Exercise objective: Only the lines in the entries below from the line with "Photo By Makeup" to the line with "Website Subcommittee Meeting", both included, belong in the answer, transcribed exactly and without pictures.

Material supplied:
►

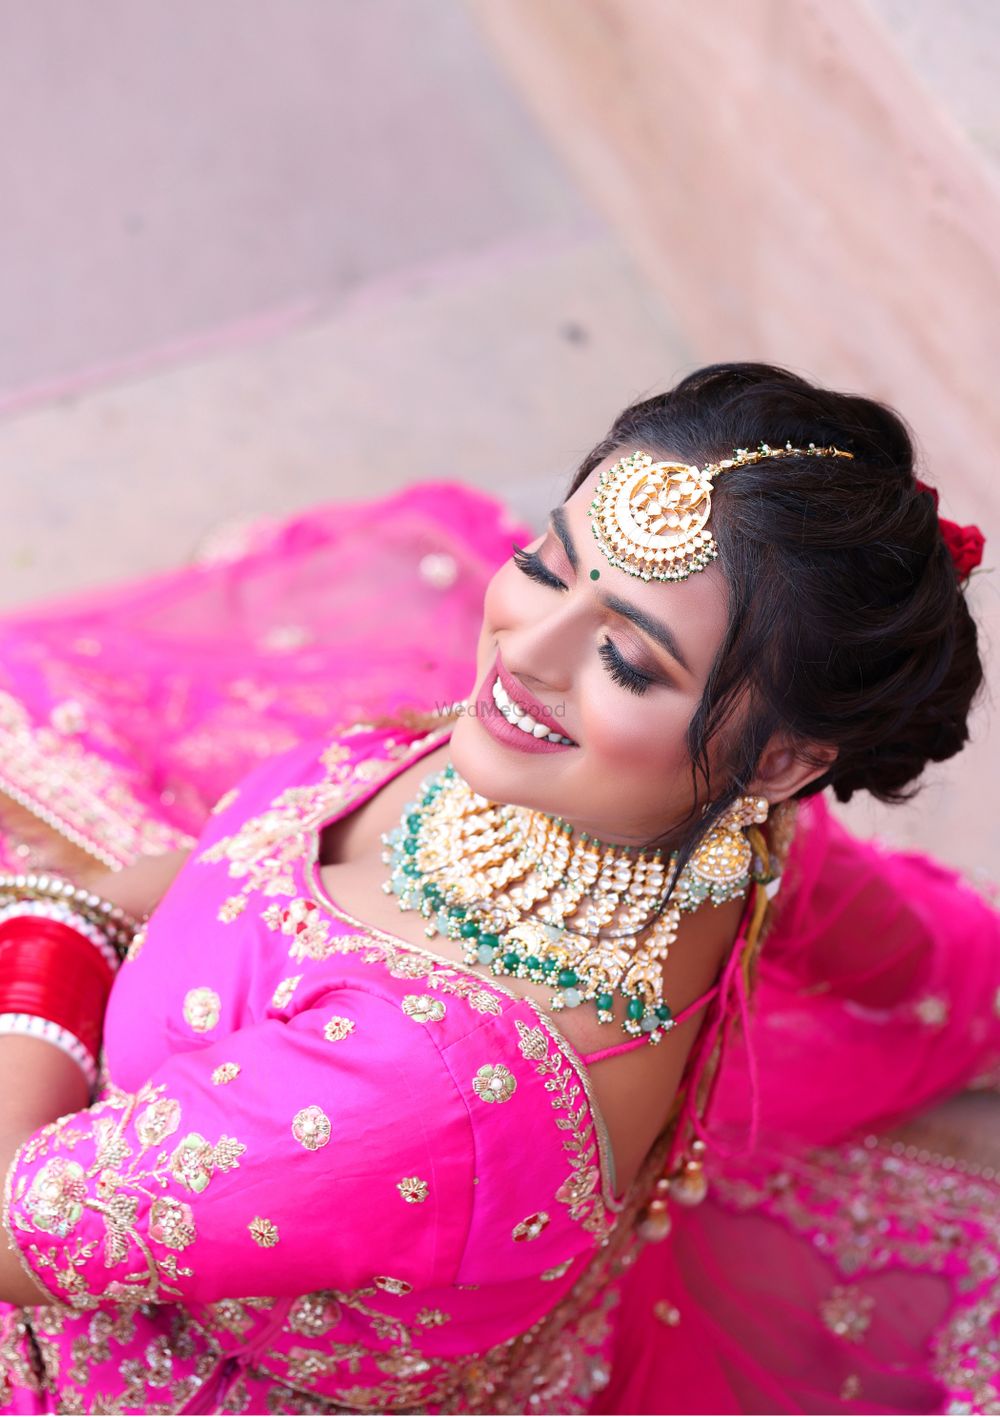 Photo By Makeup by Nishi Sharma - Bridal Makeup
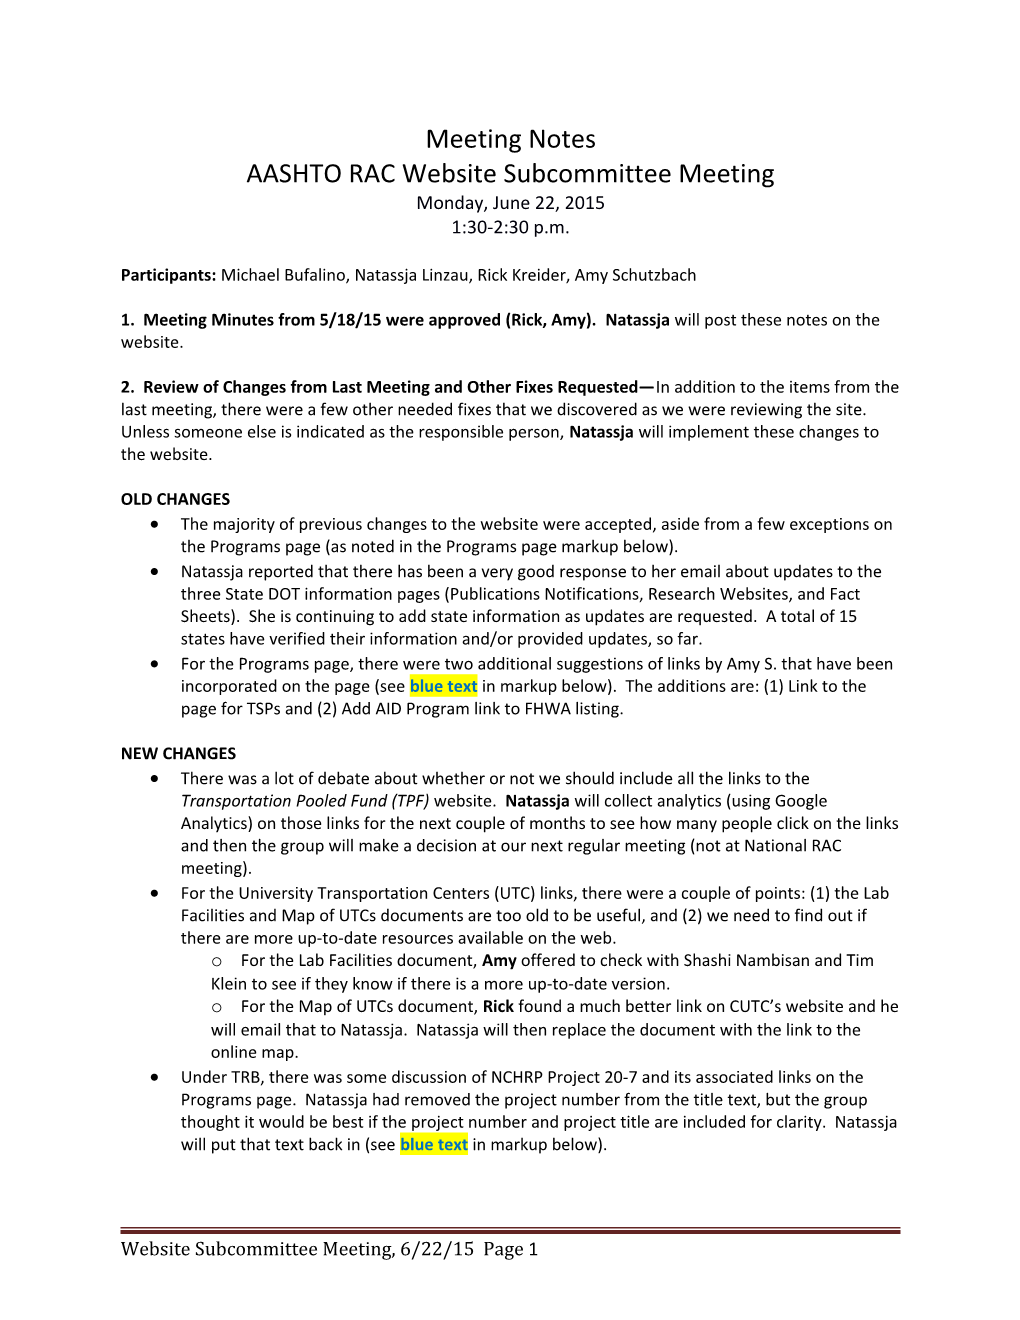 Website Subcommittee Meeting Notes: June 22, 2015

◄
►

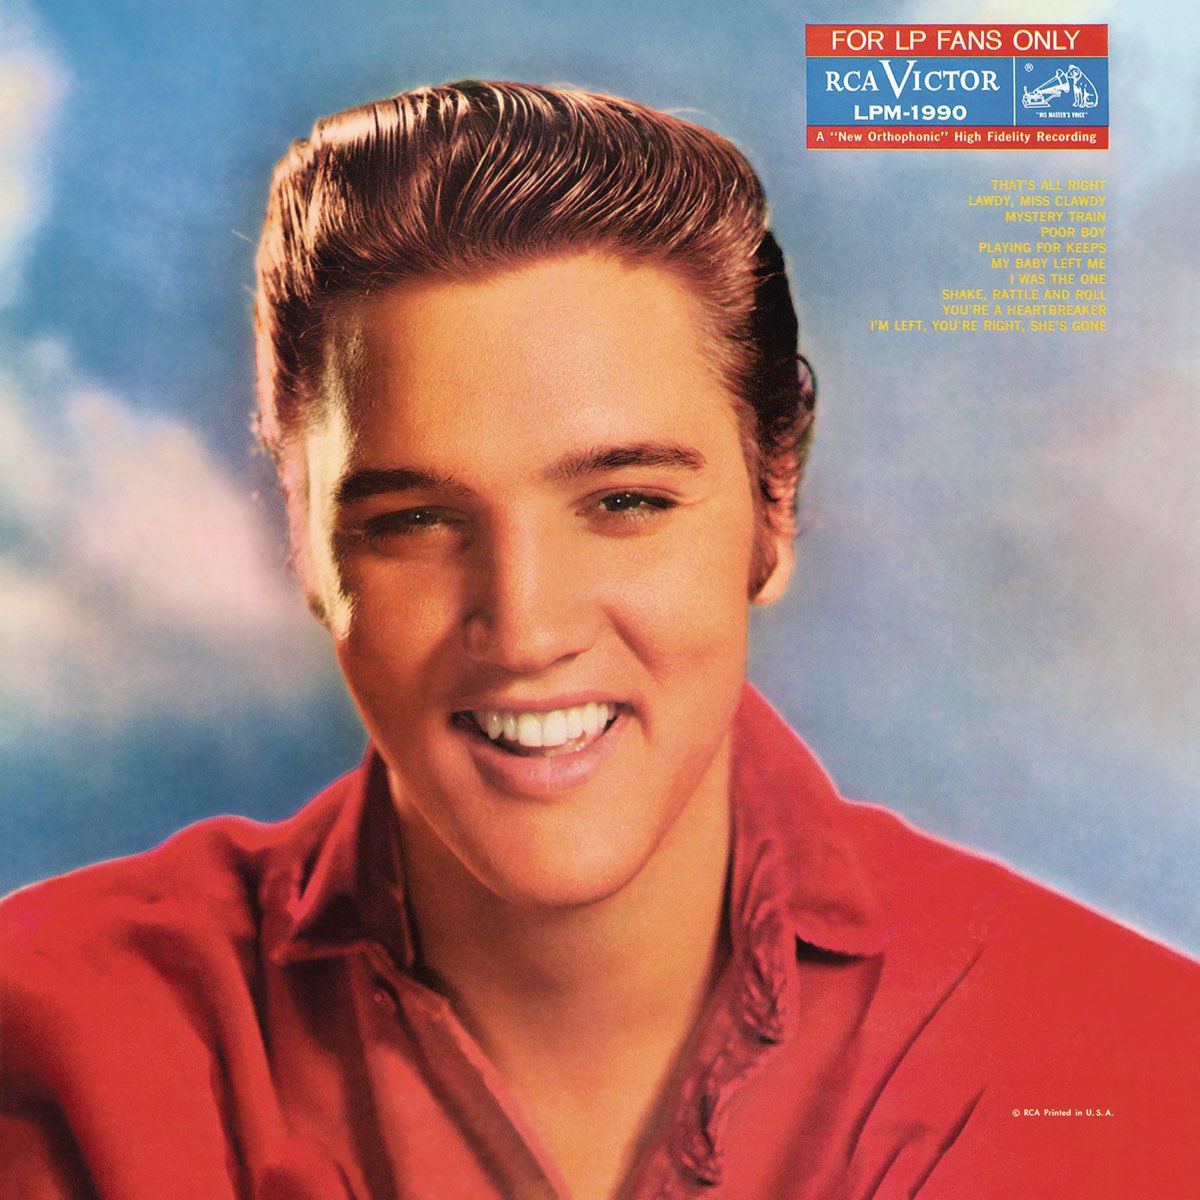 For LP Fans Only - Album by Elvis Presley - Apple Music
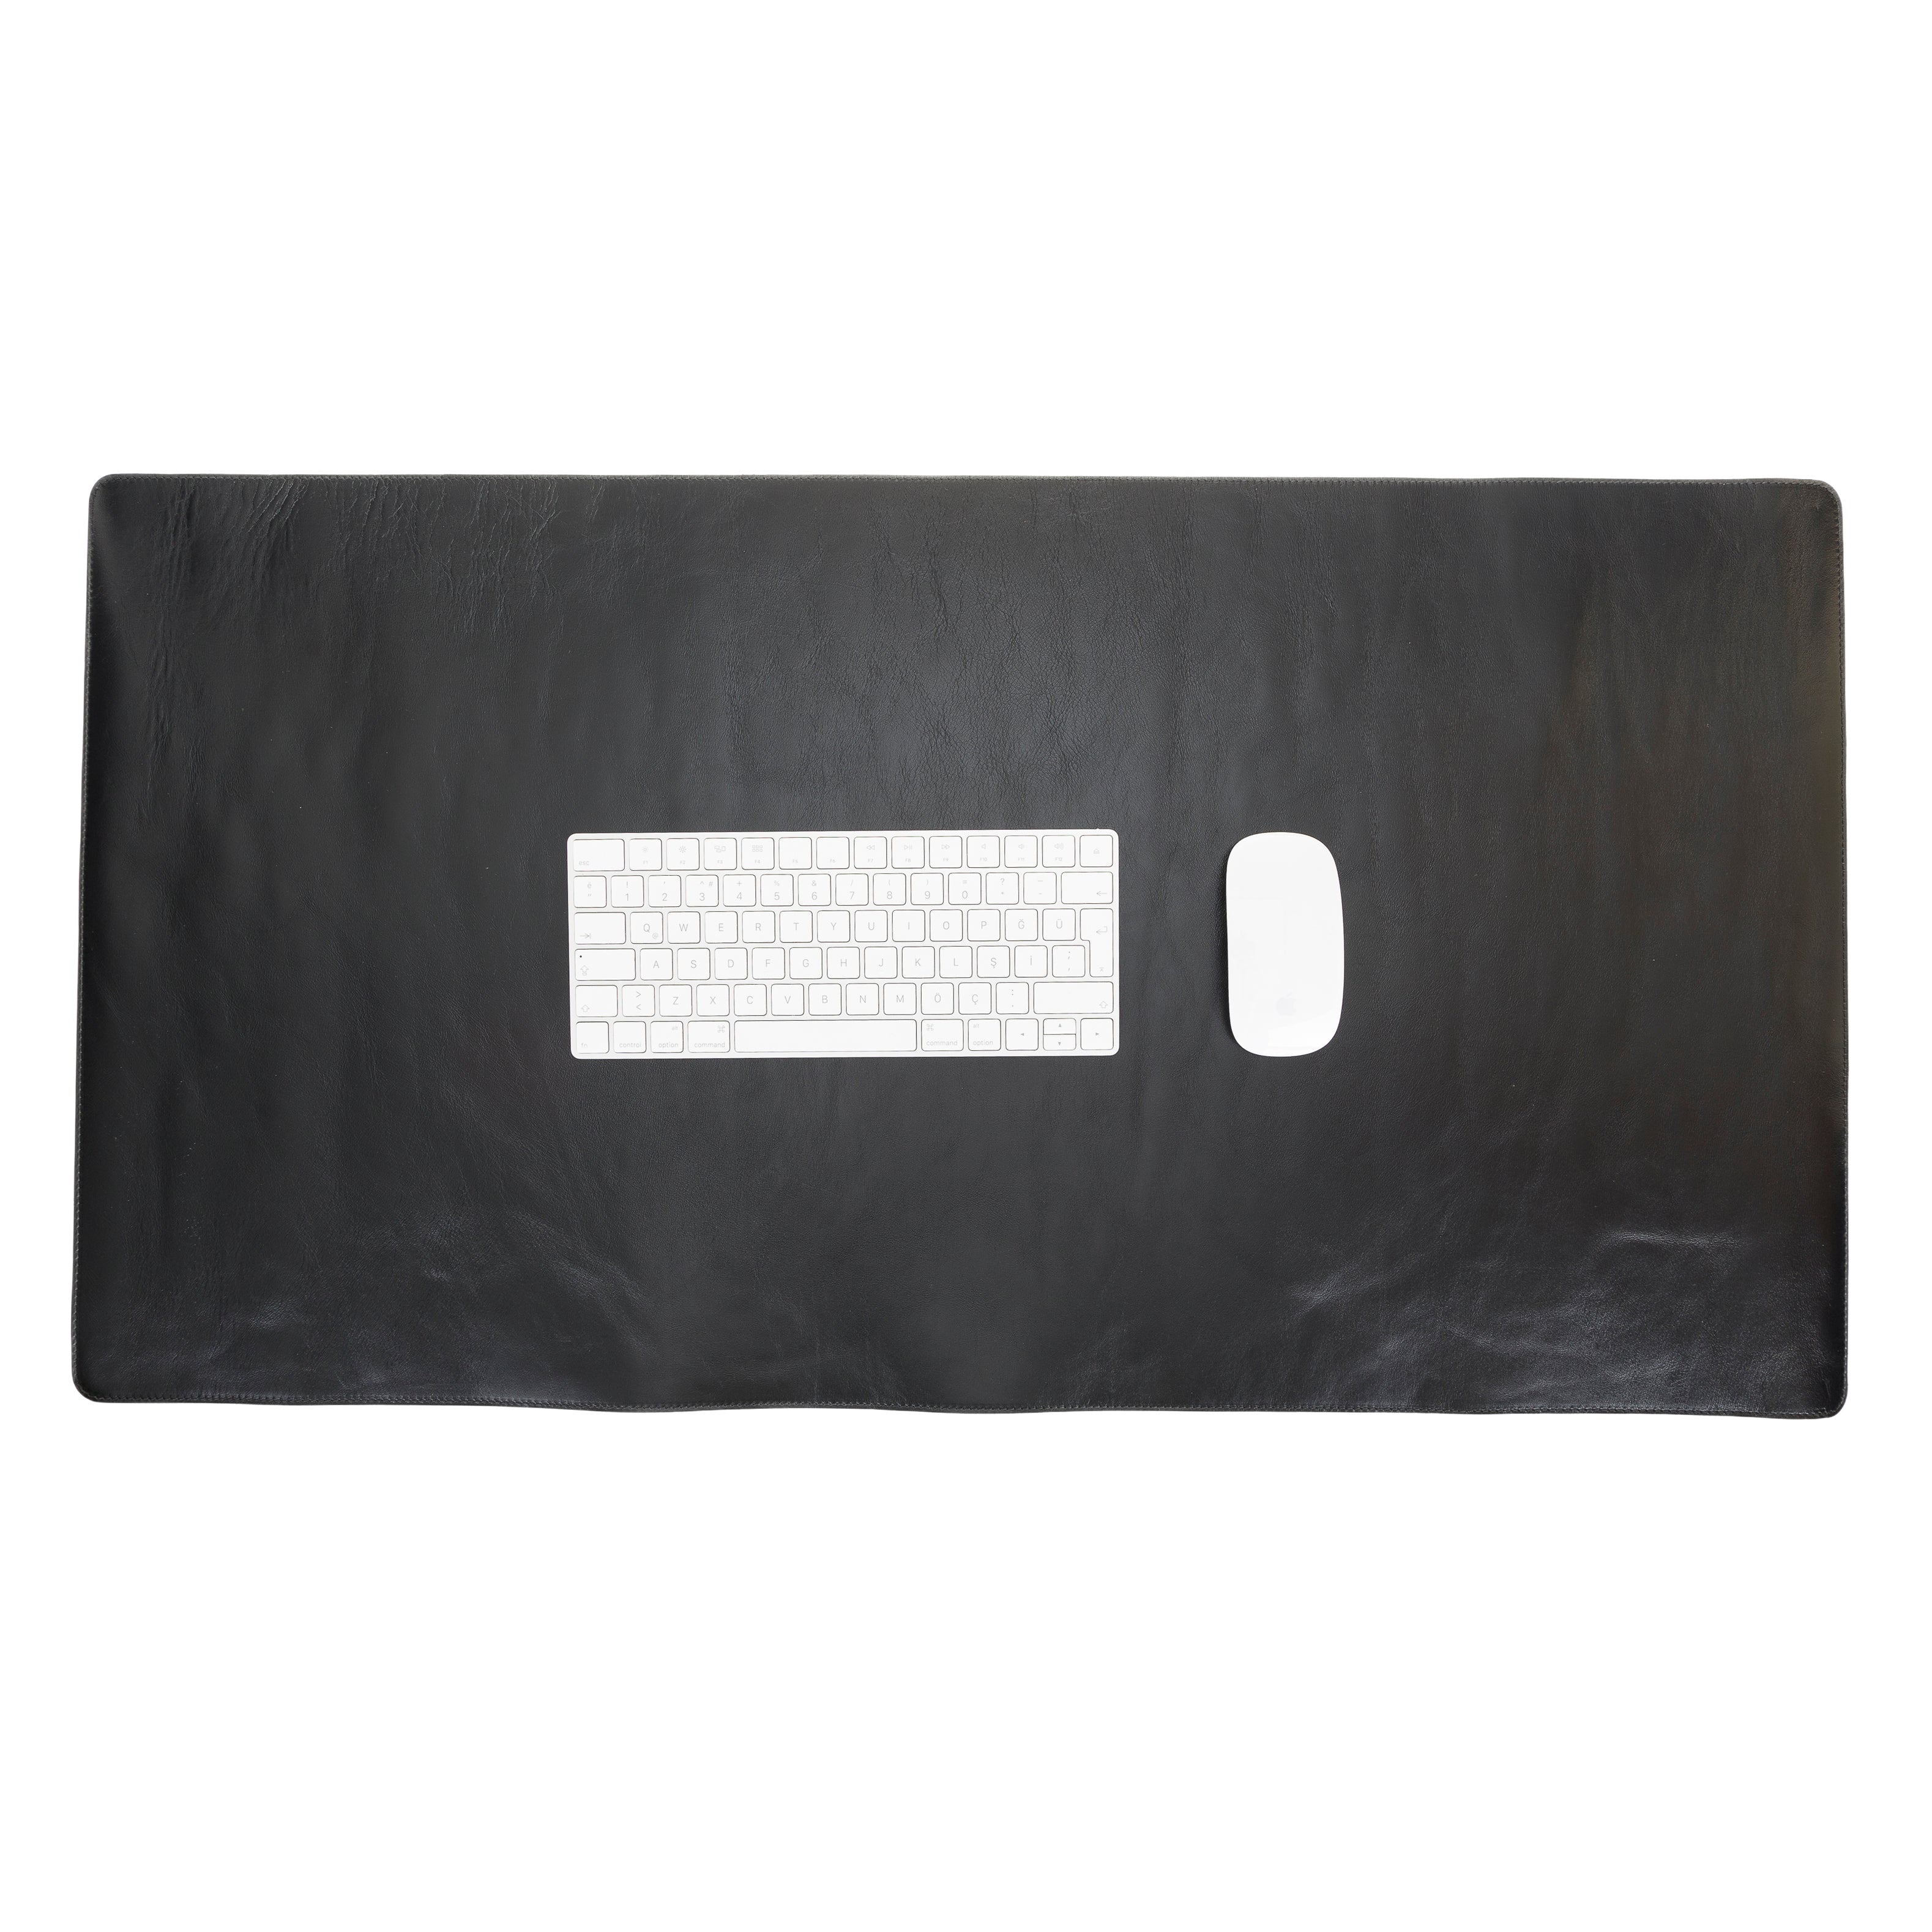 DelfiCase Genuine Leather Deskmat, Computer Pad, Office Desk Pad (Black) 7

◄

Solved problem:
 Photo By Makeup by Nishi Sharma - Bridal Makeup
 Website Subcommittee Meeting Notes: June 22, 2015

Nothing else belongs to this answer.